Algorithms for Collaborative Machine Learning: Data Sharing and Model Sharing Perspectives
COM1 Level 3
MR1, COM1-03-19
Abstract:
The last decade has witnessed unprecedented advances in machine learning (ML), especially in deep learning. Deep neural networks possess remarkable generalization power, surpassing human-level performance on many tasks. These advances in ML crucially rely on the availability of massive and high-quality datasets. Since more data often leads to better generalization performance, it would be beneficial for multiple parties to aggregate their data and jointly train an ML model. This is known as the collaborative machine learning (CML) framework. Despite its early success, various social, economic, and legal considerations associated with sharing personal or proprietary data hinder collaborative machine learning. The recent commoditization of private data has led to the emergence of personal data ownership, which advocates for data owners to have control over the use of their data and receive compensation in return.
The first work studies CML in relation to personal data ownership and addresses the challenge of data procurement from self-interested and strategic data owners. Monetary compensation is provided to data owners in exchange for their contributed data. We consider a scenario where data owners cannot fabricate data but may misreport their costs to maximize their profit. Our objective is to develop mechanisms that incentivize truthful reporting of costs while optimizing predictive performance. The proposed mechanisms draw inspiration from economic principles, game theory, and mechanism design to create a mutually beneficial situation where data owners are motivated to share their data in exchange for fair compensation.
In addition to personal data ownership, growing concerns over privacy and security have hindered different parties from sharing their data. As an alternative, parties may be more willing to share machine learning models that contain distilled, useful information from the data, without revealing the architecture or parameters of their pre-trained "black-box" model. This line of research is known as model fusion (MF), which explores how parties should share pre-trained models and how to collectively learn a single ML model using these shared models. Despite recent advances, there are still important learning scenarios in which existing algorithms cannot be readily applied. We identify such important scenarios and propose a novel MF framework and algorithm for each of them.
The second work investigates model fusion in a black-box and multi-task setting, in which each party's black-box model is pre-trained to solve a different yet related task. To address this multi-task challenge, we develop a new fusion paradigm that represents each expert as a distribution over a spectrum of predictive prototypes, which are isolated from task-specific information encoded within the prototype distribution. The task-agnostic prototypes can then be reintegrated to generate a new model that solves a new task encoded with a different prototype distribution. The fusion and generalization performance of the proposed framework is demonstrated empirically on several real-world benchmark datasets.

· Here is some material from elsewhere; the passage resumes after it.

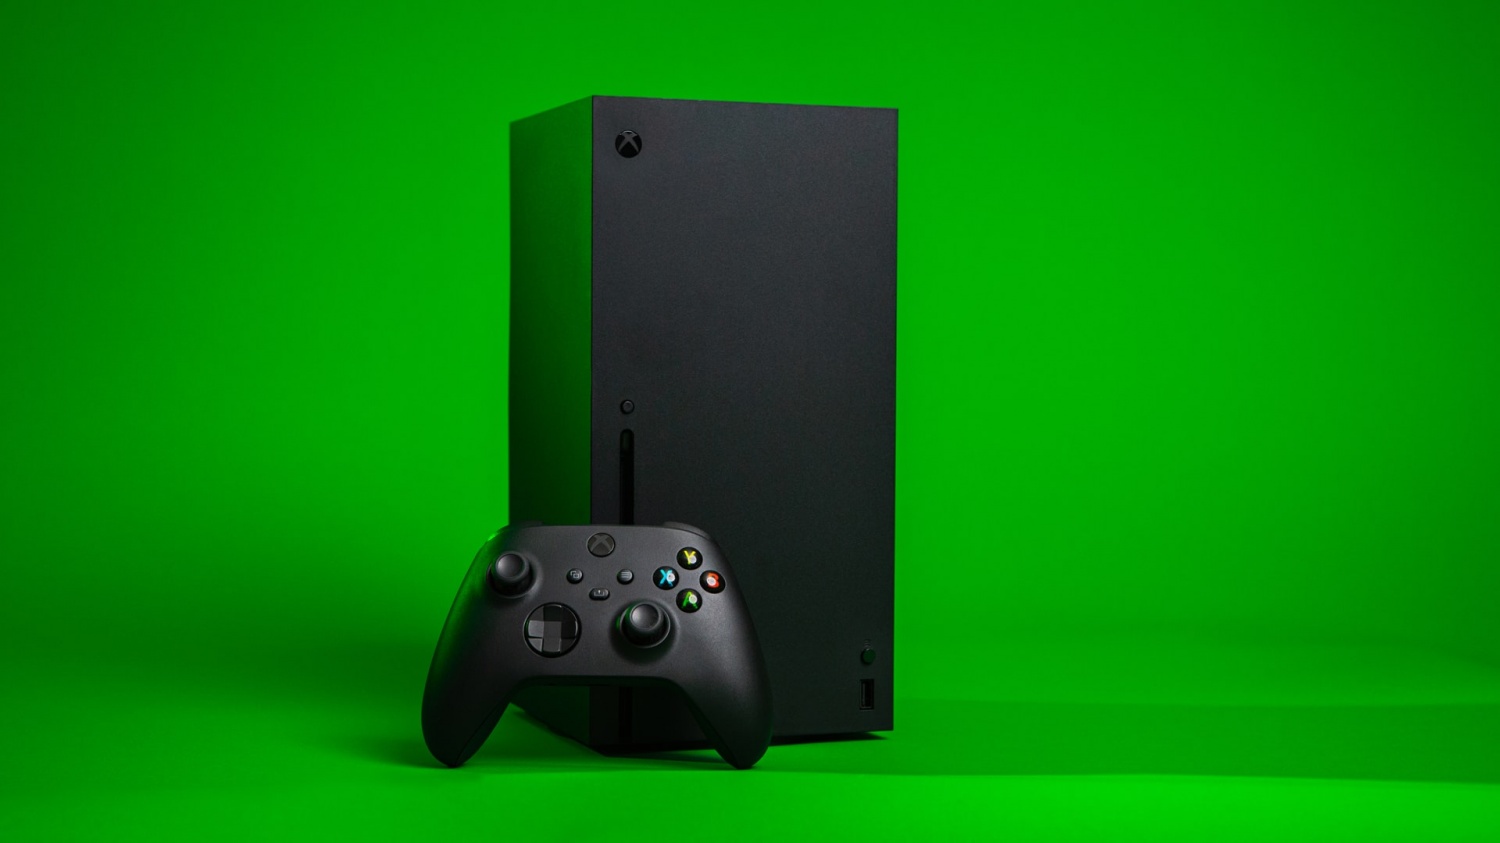 Here's how $10 million in Xbox gift cards stolen by Microsoft employee

The third work examines model fusion in the context of personalized learning. Production systems operating on a growing domain of analytic services often require generating warm-start solution models for emerging tasks with limited data. One potential approach to address this warm-start challenge is to adopt meta-learning to generate a base model that can be adapted to solve unseen tasks with minimal fine-tuning. This however requires the training processes of previous solution models of existing tasks to be synchronized. This is not possible if these models were pre-trained separately on private data owned by different entities at different timeframes and cannot be synchronously re-trained. To accommodate such scenarios, we develop a new personalized learning framework that synthesizes customized models for unseen tasks via the fusion of independently pre-trained models of related tasks. We establish PAC-Bayes style performance guarantees for the proposed framework and demonstrate its effectiveness on both synthetic and real datasets.
In summary, this thesis contributes to the field of collaborative machine learning from two distinct perspectives. The first perspective focuses on data-centric CML, where the thesis proposes novel mechanisms that incentivize data sharing among participating parties. The second perspective of this thesis revolves around model-centric CML, where a principled collaborative intelligence framework is developed for a group of heterogeneous learning parties. Together, the results and findings of this thesis address many contemporary challenges of collaborative machine learning, including data ownership, privacy, and security concerns, and have the potential to facilitate the mainstream adoption of collaborative approaches in machine learning.